18. The method of any one of claims 1 to 14 wherein the at least one hydrocarbon solvent is at least two hydrocarbon solvents selected from the group consisting of: a branched alkane, an unbranched alkane, a cyclic alkane, and an aromatic hydrocarbon.
19. The method of any one of claims 1 to 14 wherein the at least one hydrocarbon solvent is a paraffinic solvent.
20. The method of any one of claims 1 to 14 wherein the at least one hydrocarbon solvent is a naphthenic solvent.
21. The method of any one of claims 1 to 20 wherein the at least one hydrocarbon solvent has a density of less than 0.9 g/mL.
22. The method of any one of claims 1 to 20 wherein the at least one hydrocarbon solvent has a density of between 0.4 g/mL and 0.9 g/mL.
23. The method of any one of claims 1 to 20 wherein the at least one hydrocarbon solvent has a density of between 0.5 g/mL and 0.8 g/mL.
24. The method of any one of claims 1 to 20 wherein the at least one hydrocarbon solvent has a density of between 0.6 g/mL and 0.7 g/mL.
25. The method of any one of claims 1 to 14 wherein the at least one hydrocarbon solvent is selected from the group consisting of: benzene, toluene, xylene and ethyl benzene.

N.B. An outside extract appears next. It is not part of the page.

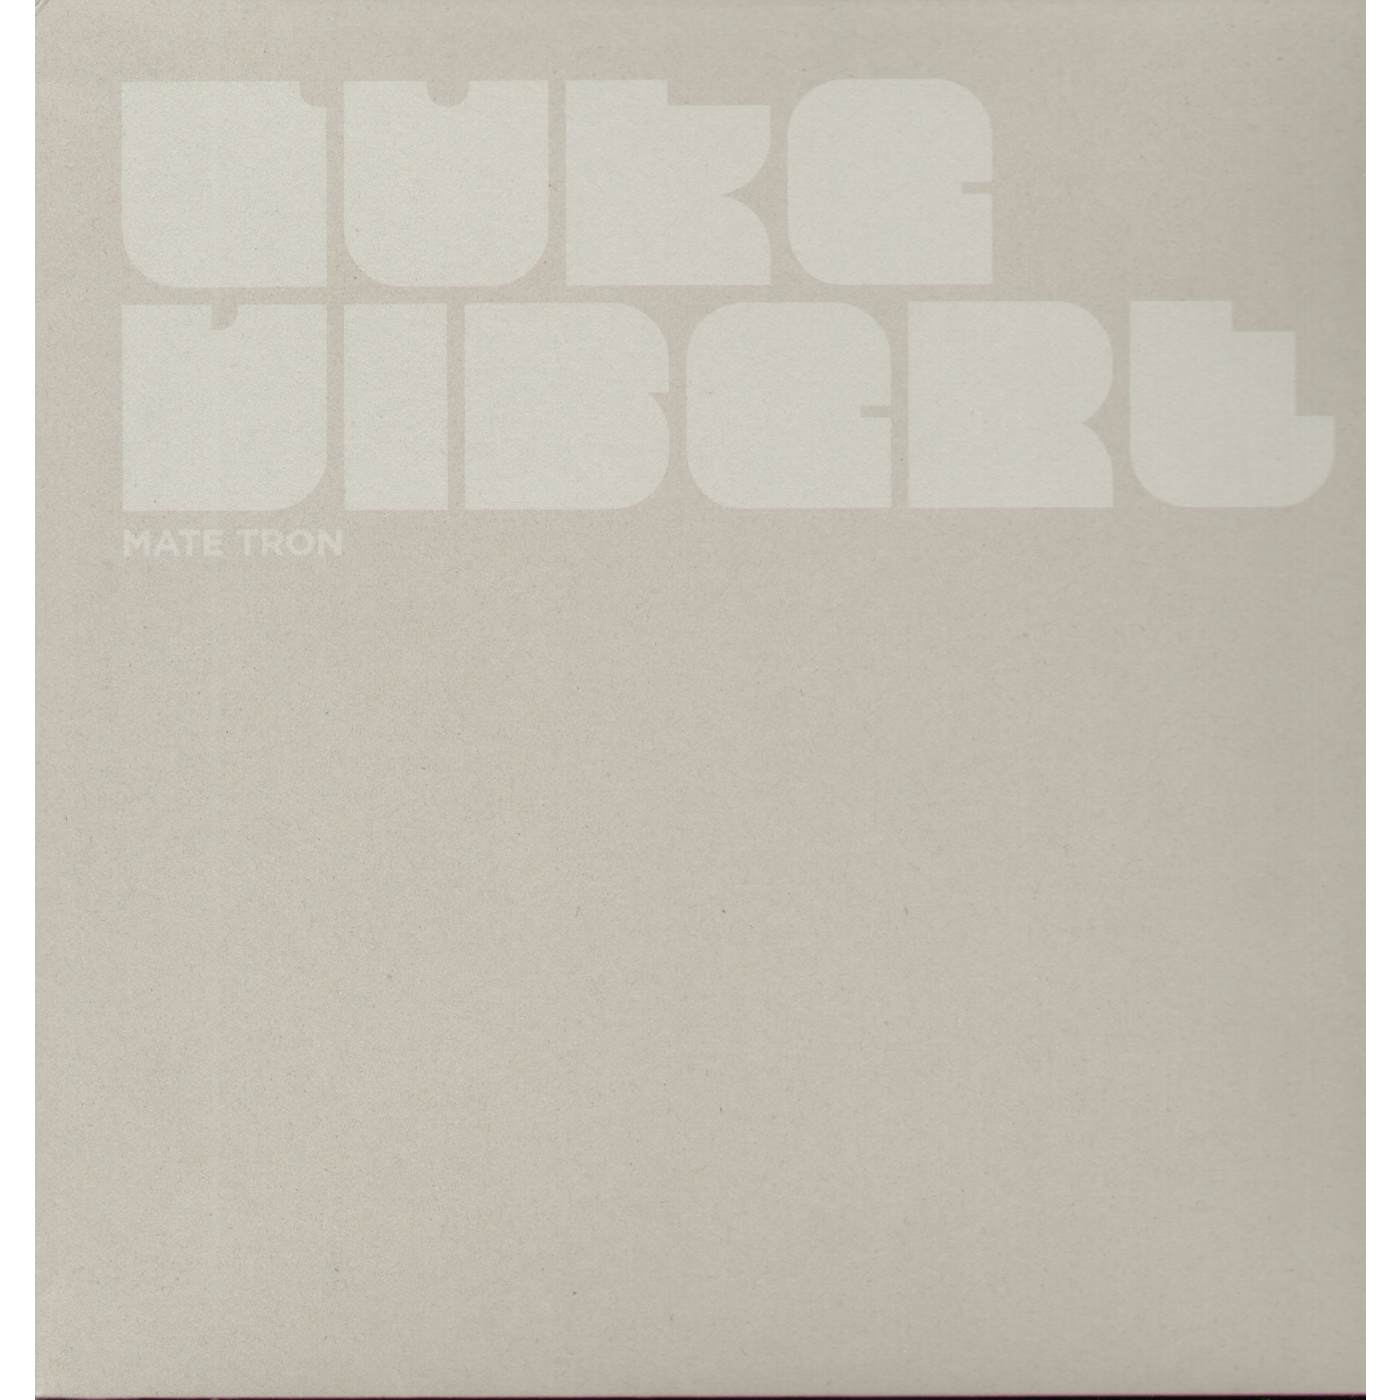 Luke Vibert Mate Tron Vinyl Record

26. The method of any one of claims 1 to 14 wherein the at least one hydrocarbon solvent is selected from the group consisting of: n-pentane, iso-pentane, hexane(s), naphtha, paraffinic solvent, and reformate.
27. The method of any one of claims 1 to 26 wherein the emulsion has a temperature from 5°C to 25°C.
28. The method of any one of claims 1 to 27 wherein the water has a temperature from 5°C
to 25°C.
29. The method of any one of claims 1 to 28 wherein the slurry has a density of 1.1 g/cc to 1.7 g/cc.
30. The method of any one of claims 1 to 28 wherein the slurry has a density of 1.3 g/cc to 1.65 g/cc.
31. The method of any one of claims 1 to 28 wherein the slurry has a density of 1.4 g/cc to 1.5 g/cc.
32. The method of any one of claims 1 to 31 wherein the emulsion has a solvent to bitumen ratio of 1.5:1 by weight to 3:1 by weight.
33. The method of any one of claims 1 to 31 wherein the emulsion has a solvent to bitumen ratio of 1.5:1 by weight to 2.5:1 by weight.
34. The method of any one of claims 1 to 31 wherein the emulsion has a solvent to bitumen ratio of 2:1 by weight.
35. The method of any one of claims 1 to 34 wherein the agitating has a duration of at least two minutes.
36. The method of claim 12 wherein the primary separation facility is a primary separation vessel.
37. The method of claim 36 wherein the primary separation vessel has a pressure rating greater than the vapour pressure of the hydrocarbon solvent at a maximum operating temperature.
38. The method of claim 36 or 37 wherein the primary separation vessel has a vapour recovery unit.
39. The method of any one of claims 36 to 38 wherein the primary separation vessel has a volume that provides a minimum emulsion residence time of four minutes.
40. The method of claim 12 wherein the primary separation facility is a hydrocyclone facility.